The project investigates timely, unanswered questions regarding the evolution and biological background of humans’ communicative abilities that go beyond the state of the art, both from theoretical and methodological perspectives. The main question of the project is theoretically novel because it implies that human communication relies on particular species-unique sensitivities and is not solely related to human language. The proposal that the recognition and interpretation of communication is crucial – especially in preverbal infants – suggests that humans are an actively communicating species. This ability and need for communication may not rooted in linguistic skills, and it also excludes a further common interpretation of many scientists – that communication is a byproduct of high-level cognitive capacities.

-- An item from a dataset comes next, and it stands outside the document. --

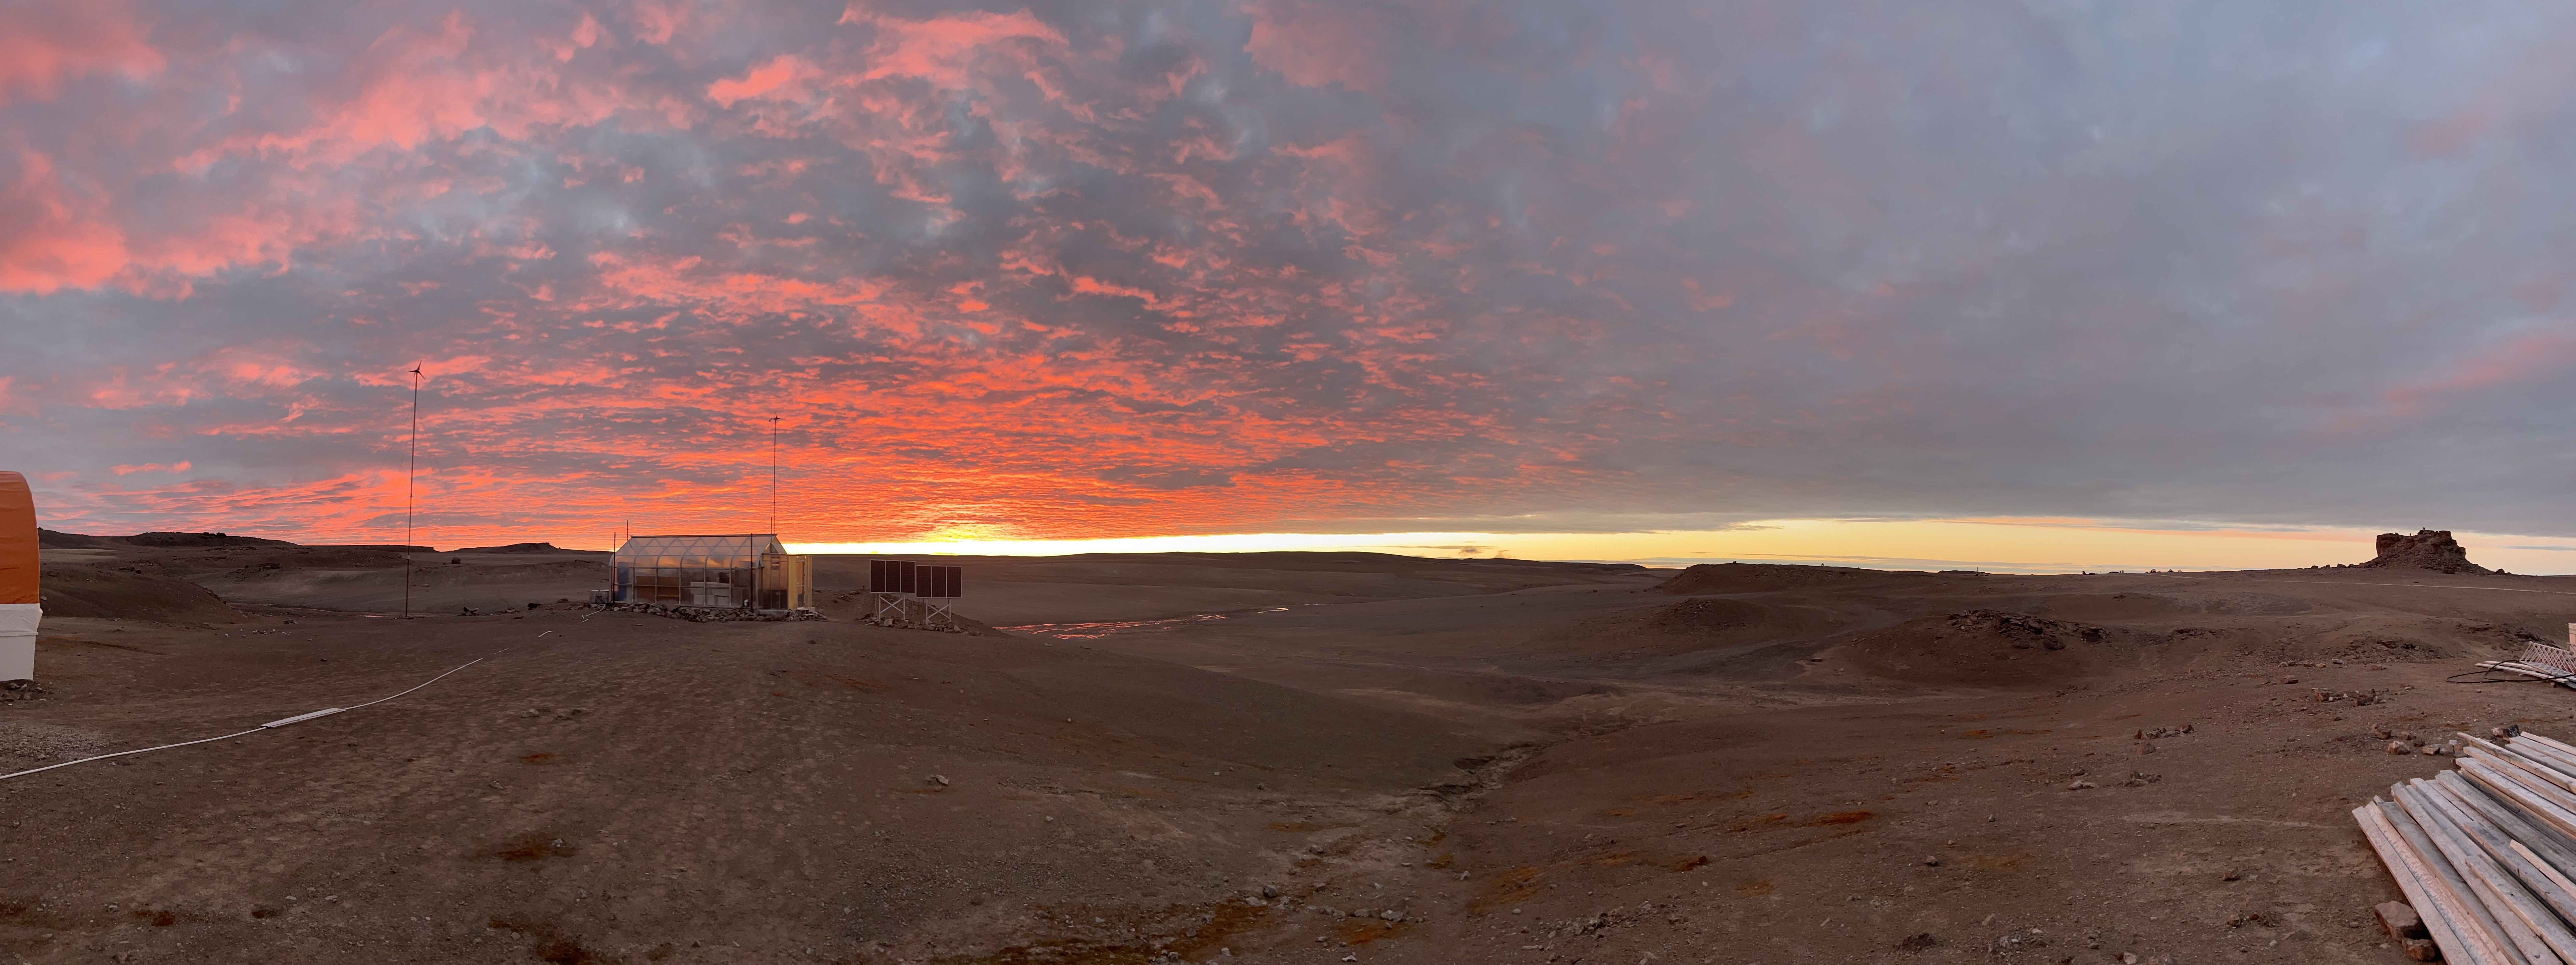 Ηλιοβασίλεμα στη βάση HPM, με το θερμοκήπιο στα αριστερά και το Fortress Rock στα δεξιά, τα μεσάνυχτα.

This claim is already supported by some of my previous findings, however, the present project goes beyond those earlier works as it will provide empirical evidence about the neural background and signatures of this capacity. Due to the measured neurophysiological components, the project also goes beyond the state of the art from a methodological perspective. The project implements oscillatory and ERP signals as dependent variables, which are novel in the domain of communicative development as it directly connects communicative behavior to their neural backgrounds.
Due to the above reasons, my project may have a potential for broader societal effects. On the one hand, understanding that it is communication that makes humans special and allows our species to build complex societies and tools can be a directly relevant discovery as it can motivate applied sciences (ranging from the humanities to engineering) to find new ways to foster communication within and across specialized groups (e.g. work groups with a particular aims) and societies. On the other hand, the future results of the project may also have an effect on how we think about the preverbal period of humans’ life. If young infants will be perceived as communicatively competent humans – rather than children, who still lack some major competence, – can change parenting behavior and may also elicit changes in governmental policies regarding the first year of life. The first year of humans is highly relevant even if we do not have specific memories about it. Being involved in communicatively rich contexts might be highly relevant in the development of infants, therefore, it is important to provide this opportunity to the parents on the societal level, which might be one the main message of the current project.